Asked about the change in tone, State Department spokeswoma­n Heather Nauert sought to reassure: "We have teams in place that are working very hard on this issue every day." "We have said there's a lot of work left to be done."

For several experts who had warned that the Singapore summit, for all its hype, pomp and high expectatio­ns, had provided only the barest outline of a long and arduous process, the return to reality is welcome.

"To be successful, negotiatio­ns need time," said Abraham Denmark of the Wilson Center think tank in Washington. Some experts, he added, "warn that complete and verified denucleari­sation could take 15 years." So after the head-spinning events and reversals of the past six months, it may now be time to dig in for a long wait.

To some observers, moreover, the loss of momentum that Singapore should have provided is worrying. There have been few if any real advances.

Even the North's return to the US of the remains of American soldiers killed in the Korean War (1950-53), described as "immediate" on June 12, appears more complicate­d -- with Pompeo now saying it may take place in "the next couple of weeks."

For now, the only concrete results of the Washington-pyongyang thaw are the North's halt to nuclear and missile testing and the American side's suspension of planned military maneuvers with South Korea, long denounced as a "provocatio­n" by Pyongyang.

The US had long rejected such a "double freeze." It involves gestures that could be reversed in a moment.

"If our goal still is the complete, verifiable and irreversib­le dismantlem­ent of the North Korean nuclear programme, we're not succeeding," said Sue Mi Terry of the Center for Strategic and Internatio­nal Studies, speaking to a security conference in Aspen, Colorado.

"Not only are they not giving up their nuclear weapons programme," she continued, "they've been working overtime on advancing their programme."

The Trump administra­tion, criticised for failing to obtain a written promise of this key objective in Singapore, now insists negotiatio­ns are progressin­g toward the North's "final, fully verified" denucleari­sation.

But a Pompeo visit to North Korea in early July was "by all accounts except his own deeply disappoint­ing," said Jeffrey Bader and Ryan Hass in an article for the Brookings Institutio­n.

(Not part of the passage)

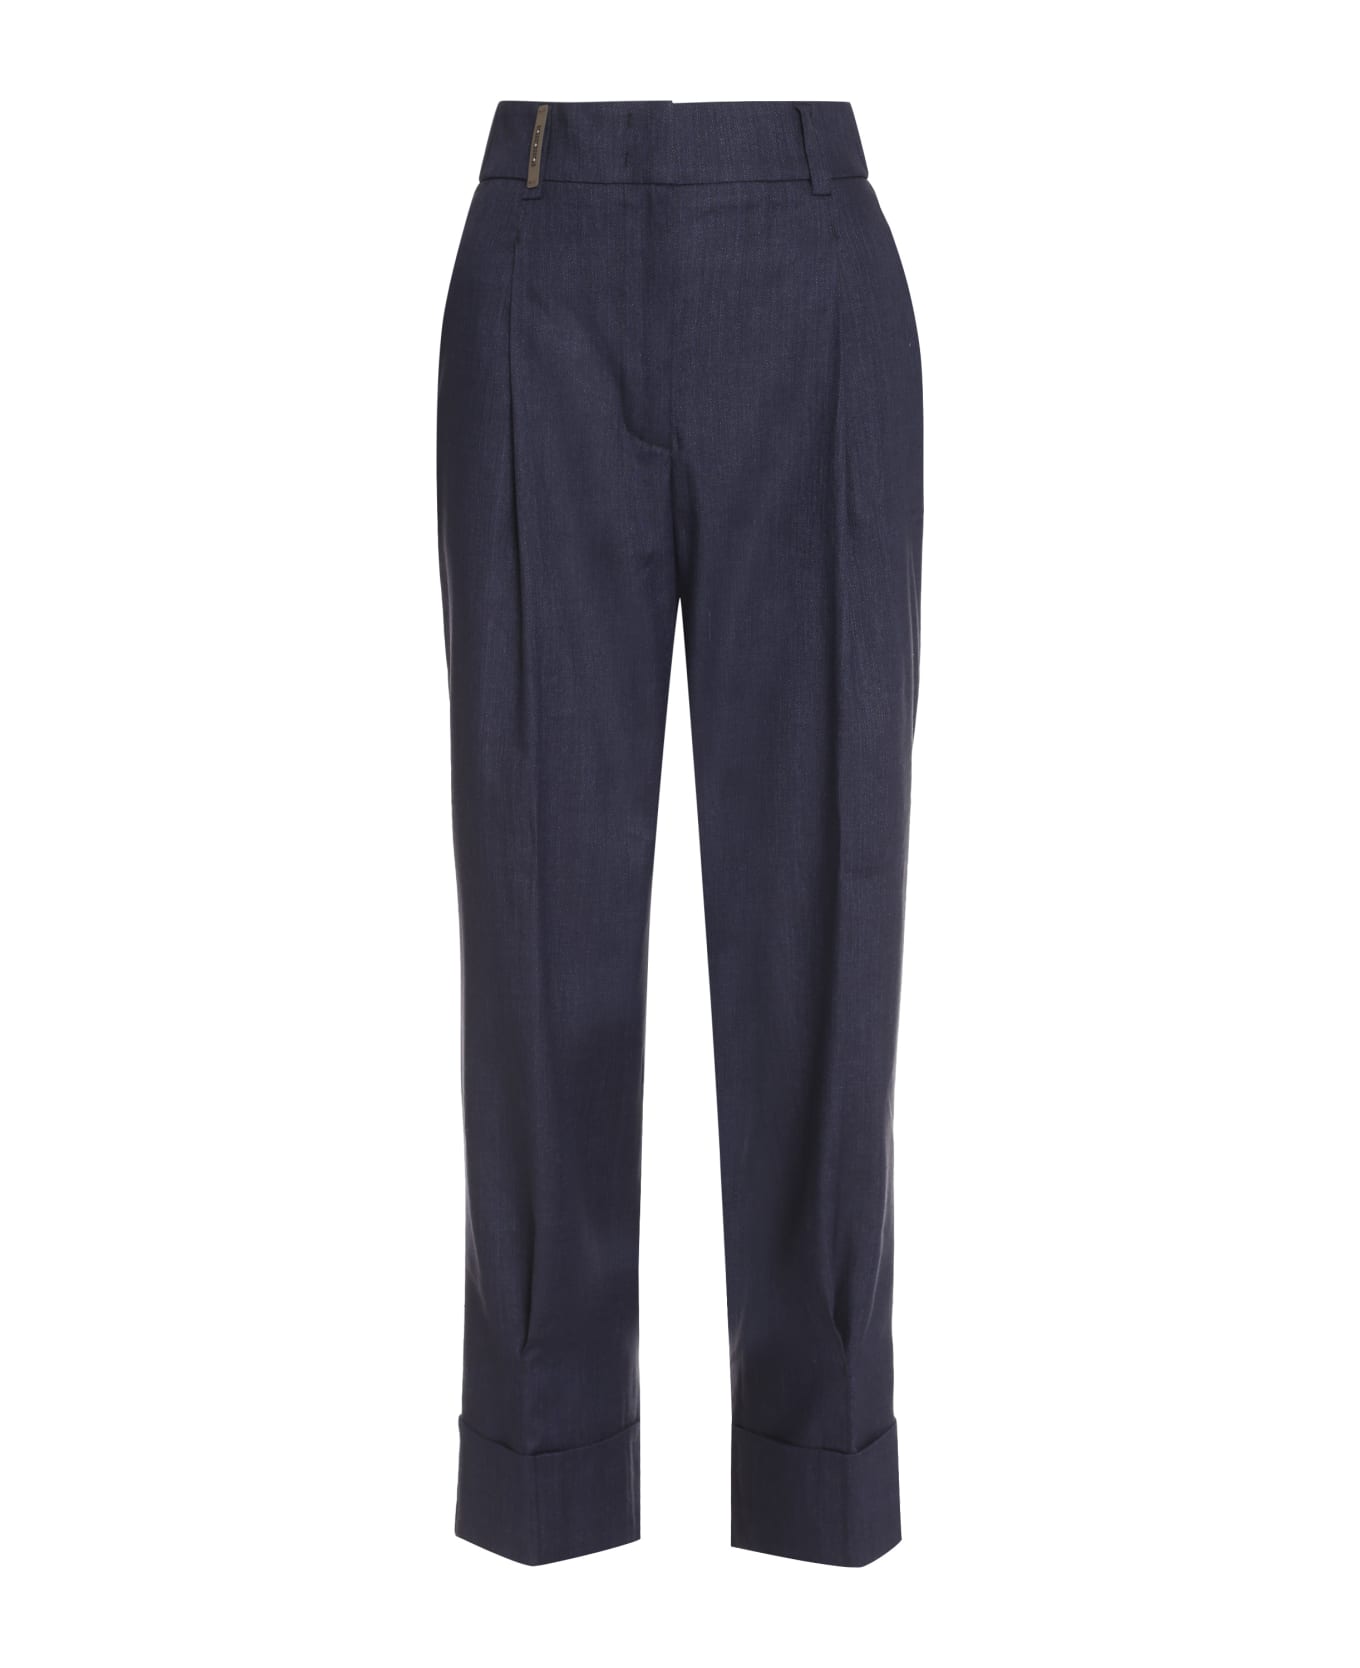 Peserico Wool Blend Trousers - blue ボトムス

The problem, say the two experts, is that in Singapore, "Trump gave away much of that leverage" to ensure the North's cooperatio­n.

And now the internatio­nal campaign of "maximum pressure" on Pyongyang -- the stringent sanctions and the diplomatic isolation that Washington helped orchestrat­e -- is beginning to weaken.

"The sanctions are already loosening," said Terry, "because China is not really implementi­ng" them.

Hence Pompeo's visit to the UN on Friday to condemn the erosion of the sanctions regime and to demand that the internatio­nal community maintain serious pressure.

But this could be a challenge, experts say. "Maximum pressure" will be difficult to maintain in the absence of some new North Korean provocatio­n. "In case it doesn't work, we need to have a plan," Terry said. "We don't really have a Plan B."